Sep 08, 2023

An introduction to spina bifida and its available treatments

Neural tube defects stand for some conditions which occur before birth and during early pregnancy.

Spina bifida is defined as a neural tube defect, including the abnormal closure of the neural tube and the incomplete development of the spinal cord, brain, or meninges around the fourth to sixth week of pregnancy. Consequently, it is the primary cause of foetal loss and substantial disabilities in newborns and is considered a significant public health matter.

It happens in approximately one in every 1,000 births. However, the birth prevalence varies among specific populations and can be as high as one in every 100 births in some areas, such as northern China.

Spina bifida occulta and spina bifida cystica are the two main types of spina bifida.

Spina bifida occulta (closed forms of spina bifida) is a failure of fusion of the vertebral arches covered by the skin and typically does not involve the spinal cord. The defect is usually marked by a patch of hair overlying the affected region.

Spina bifida cystica (open forms of spina bifida) is a more severe type in which neural tissue overhangs through an opening in the vertebral arches to form a cyst or sac. It can occur at any site of the vertebral column, but the most common site of the overhang is the lumbosacral area, where the spine joins the pelvis.

These conditions can be diagnosed prenatally by imaging techniques such as ultrasound and by identification of alpha-fetoprotein levels in the amniotic fluid or serum. Any malformation or abnormality in the vertebral arches can be seen by the twelfth week of gestation.

An infant born with spinal bifida cystica might have lifelong cognitive, mobility, urinary and bowel disabilities. But most infants with spina bifida live long lives.

While the precise causes are not explicitly understood, we know it is multifactorial and involves, as NIH put it, “a combination of environmental and genetic risk factors”. (1)

“A child born with spina bifida may not have any relatives with the condition even though” (2) there is a genetic factor through mutations that naturally arise during the earliest stages of an embryo’s development, which may cause severe neural tube defects.

Various epidemiological studies have shown a connection between high glucose levels and having a child with spina bifida. About 10% of pregnant women with diabetes will have embryos with neural tube defects.

Strong associations were also found between neural tube defects and pesticides, pollutants, disinfectants, preservatives, household, and personal products containing quaternary ammonium compounds or ‘quats’, and “high concentrations of polycyclic aromatic hydrocarbons (PAHs)” (3), which are by-products of burning fossil fuels such as oil and coal.

Other vital factors that could cause spina bifida include maternal obesity, folate deficiency, and some medications.

A variety of nutritional factors influences neural tube defects.

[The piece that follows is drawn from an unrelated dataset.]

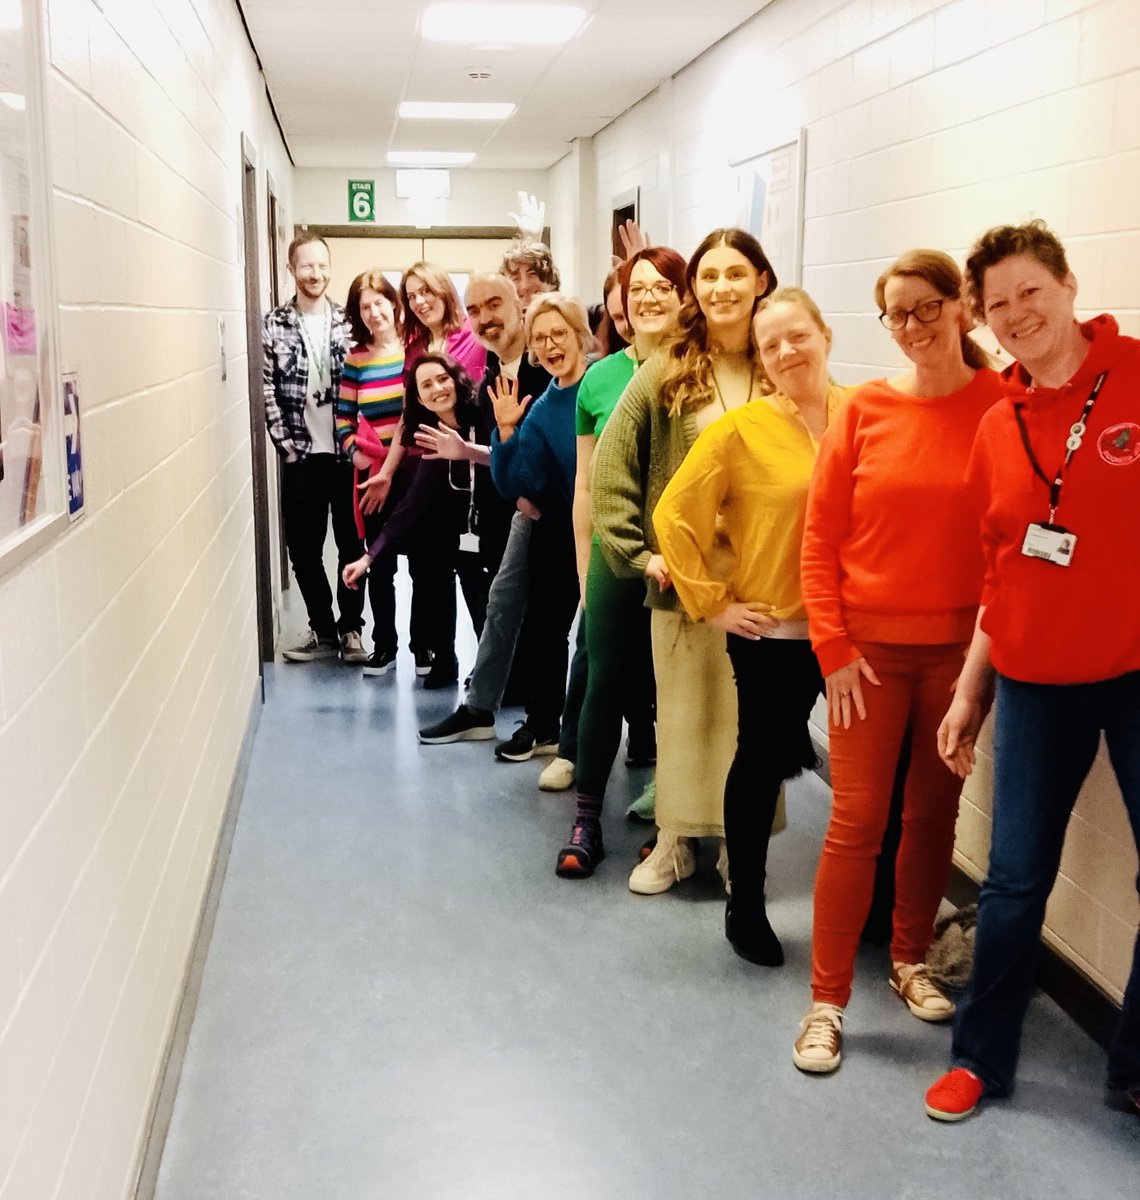 Yesterdays end of term dress down day was a colourful theme in honour of the Hindu festival of Holi. Of course the scientists have to attemp a visible light spectrum 🌈 @CraigmountHS @CHSequalities
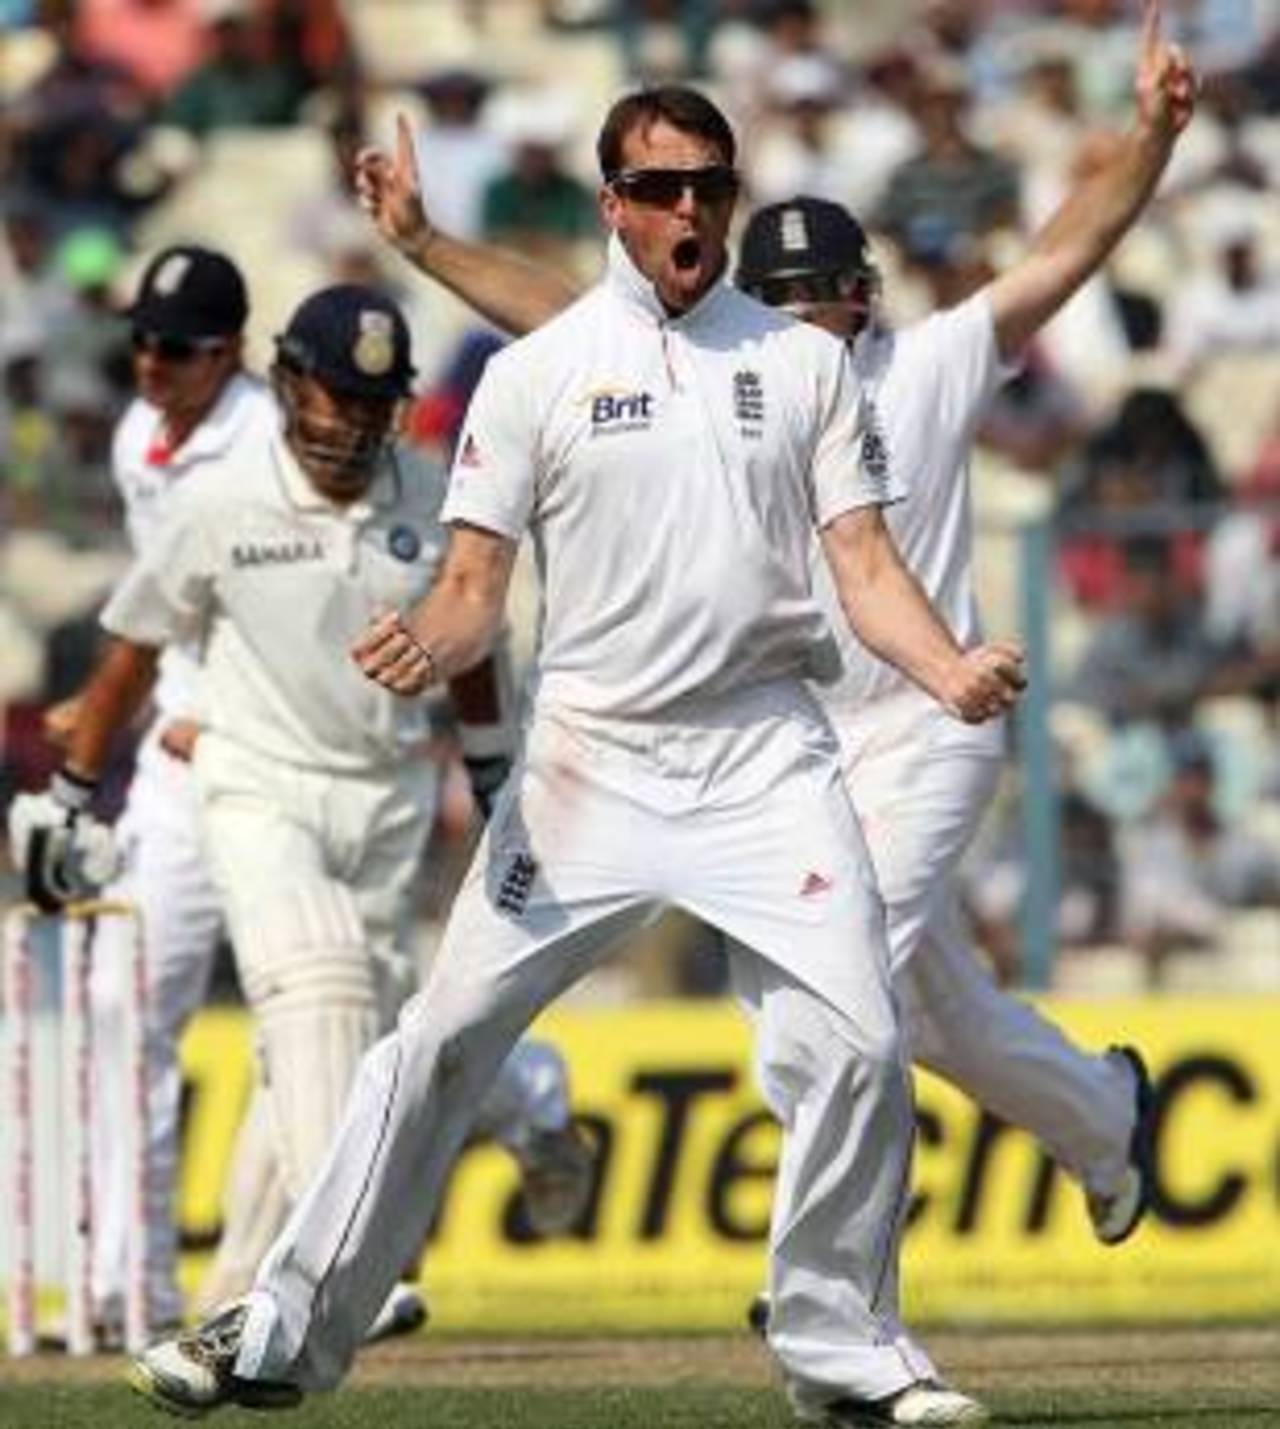 Graeme Swann has a Test average of less than 32 in every country he has played in, except Australia&nbsp;&nbsp;&bull;&nbsp;&nbsp;BCCI

The quality of a mother’s diet before and during pregnancy can predispose to malformations of the brain, spinal cord, or orofacial clefts, such as cleft lip and cleft palate.

The best-known nutrient factor is the intake of 400 micrograms of folic acid daily, also known as vitamin B-9, and folate-rich foods before conception continuing through early gestation and beyond, which could decrease the incidence of spina bifida by as much as 70%.

Since about 50% of all “pregnancies are unplanned, it is recommended that all women of childbearing age” (4) take multivitamins containing 400 micrograms of folic acid daily.

Choline is another essential nutrient that impacts brain and spinal cord defects. It plays a significant part in the formation of neurotransmitters and can be found in egg yolks, soy, wheat germ and organ meats.

Even though traditional in-utero and infant surgery is encouraged in some circumstances, there are promising non-invasive treatments of spina bifida in the pipeline, which include cellular therapy and bioengineered reverse thermal gel (RTG) to patch and repair neural tube defects.